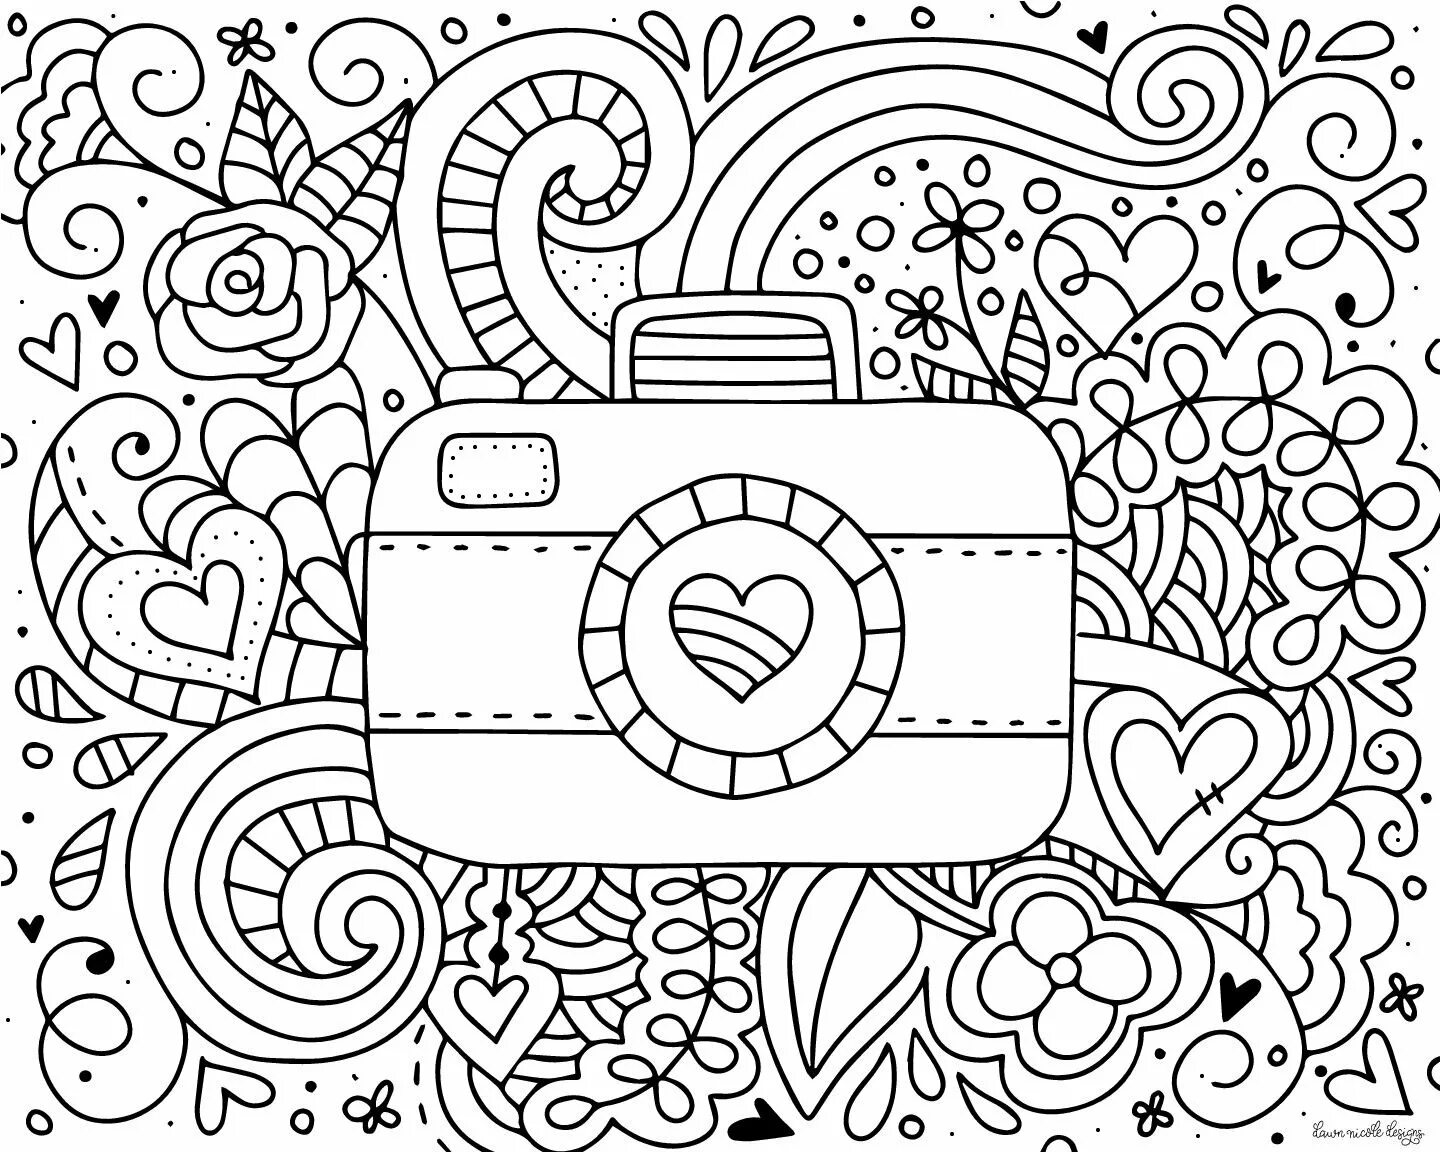 Intriguing anti-stress coloring book for markers
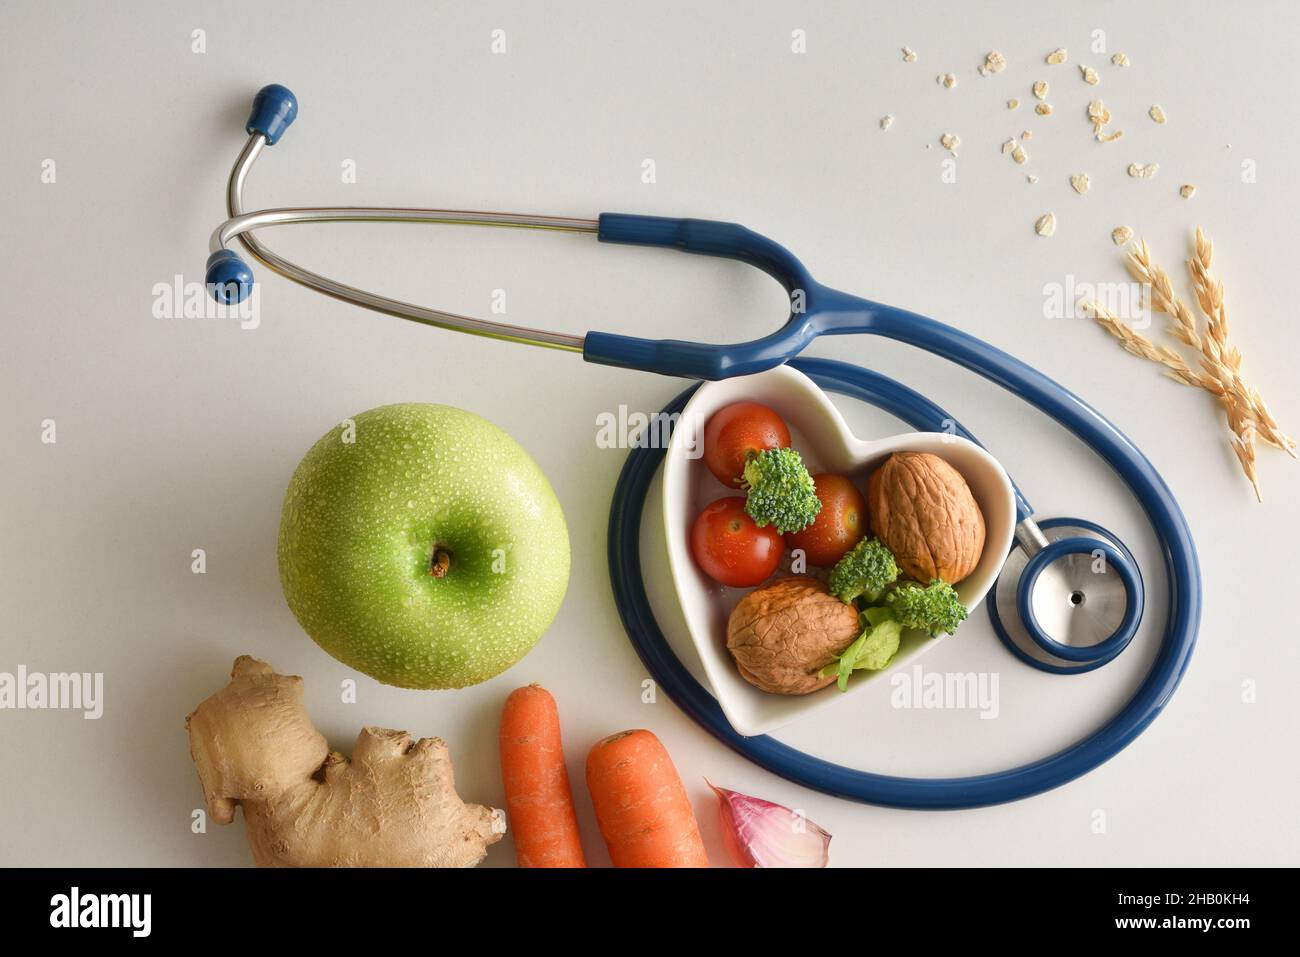 Healthy diet with fruits and vegetables on white table with heart shaped bowl and stethoscope. Top view. Horizontal composition. Stock Photo
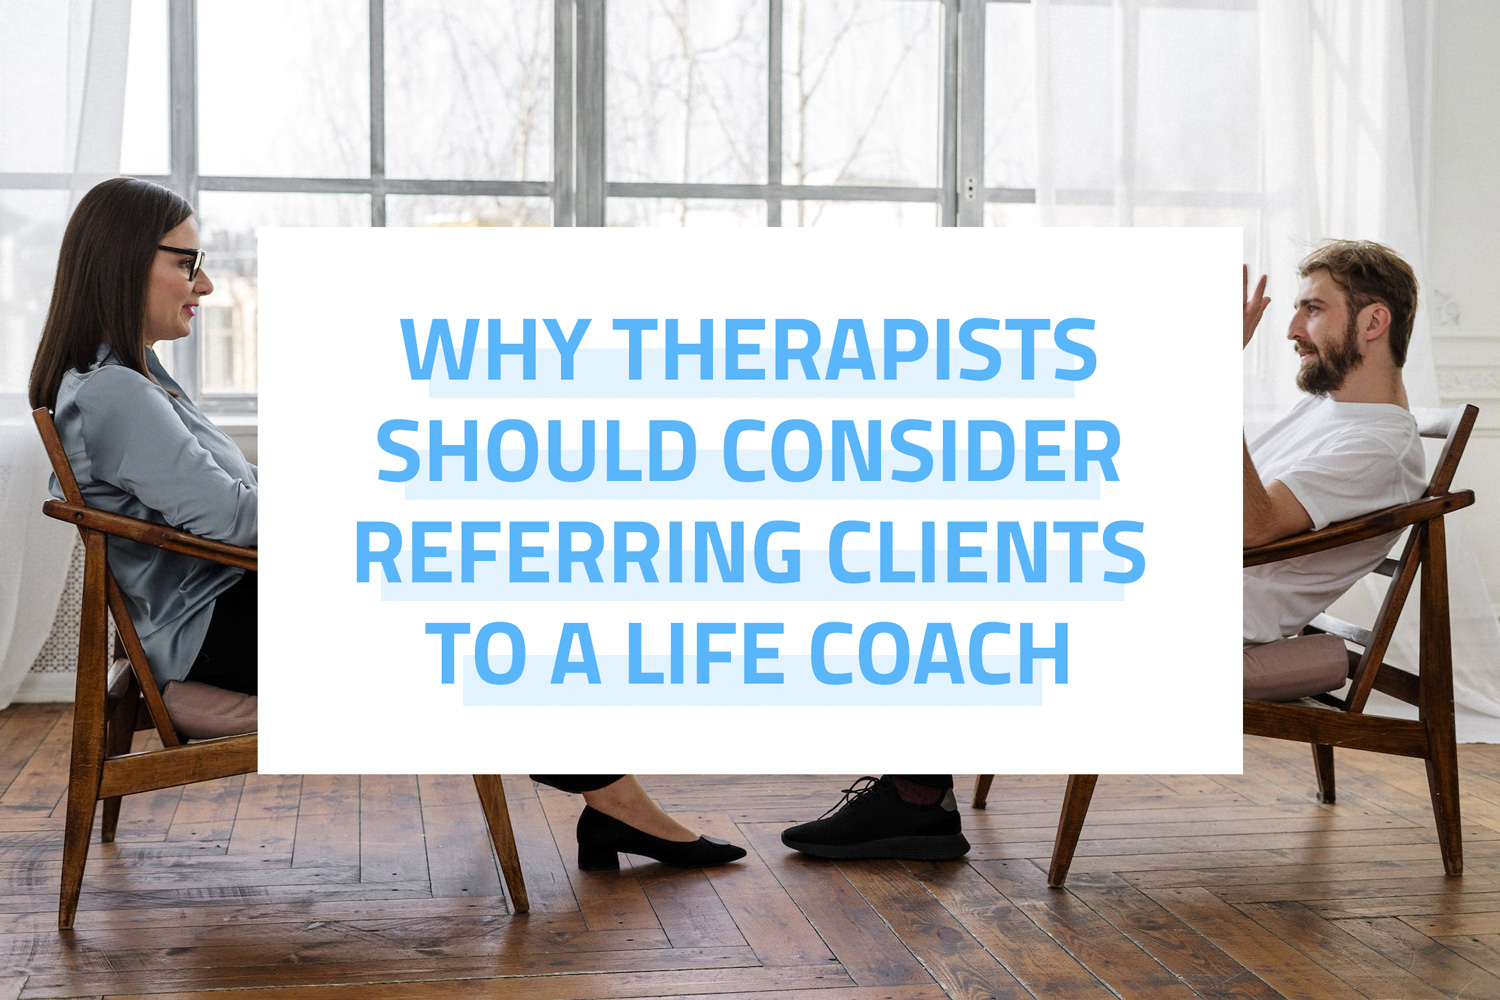 Why Therapists Should Consider Referring Clients to a Life Coach
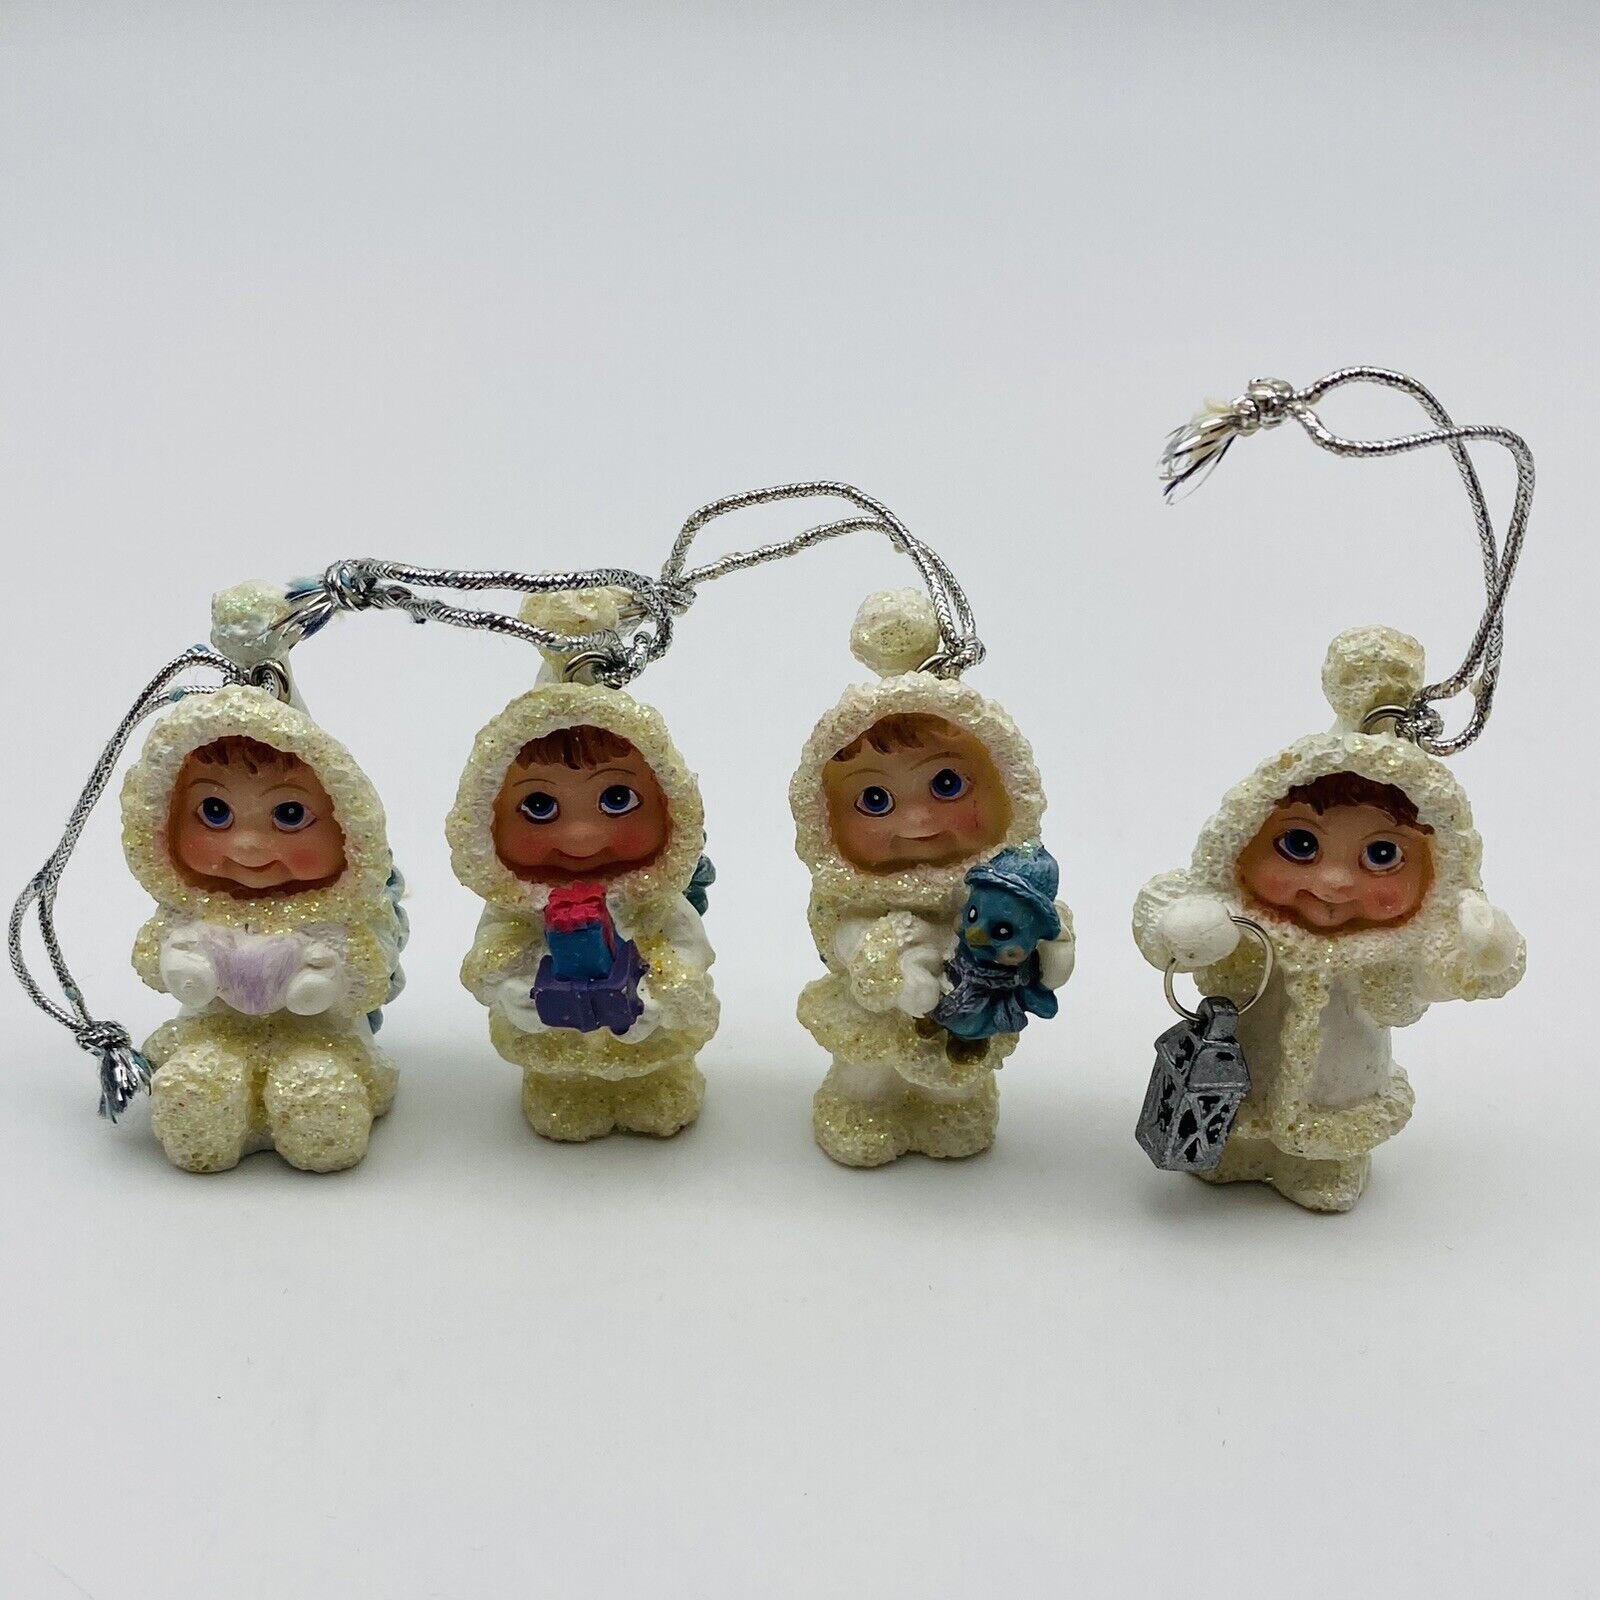 1998 DREAMSICLES Northern Lights Miniature Ornament figurines Set Of 4

───

● **PROBLEM**
Repeat all the data as it stands, dropping any images it holds.

● **ANSWER TO THIS PROBLEM**
 Intriguing anti-stress coloring book for markers
 Healthy diet with fruits and vegetables on white table with heart shaped bowl and stethoscope. Top view. Horizontal composition. Stock Photo
 Why Therapists Should Consider Referring Clients to a Life Coach
 1998 DREAMSICLES Northern Lights Miniature Ornament figurines Set Of 4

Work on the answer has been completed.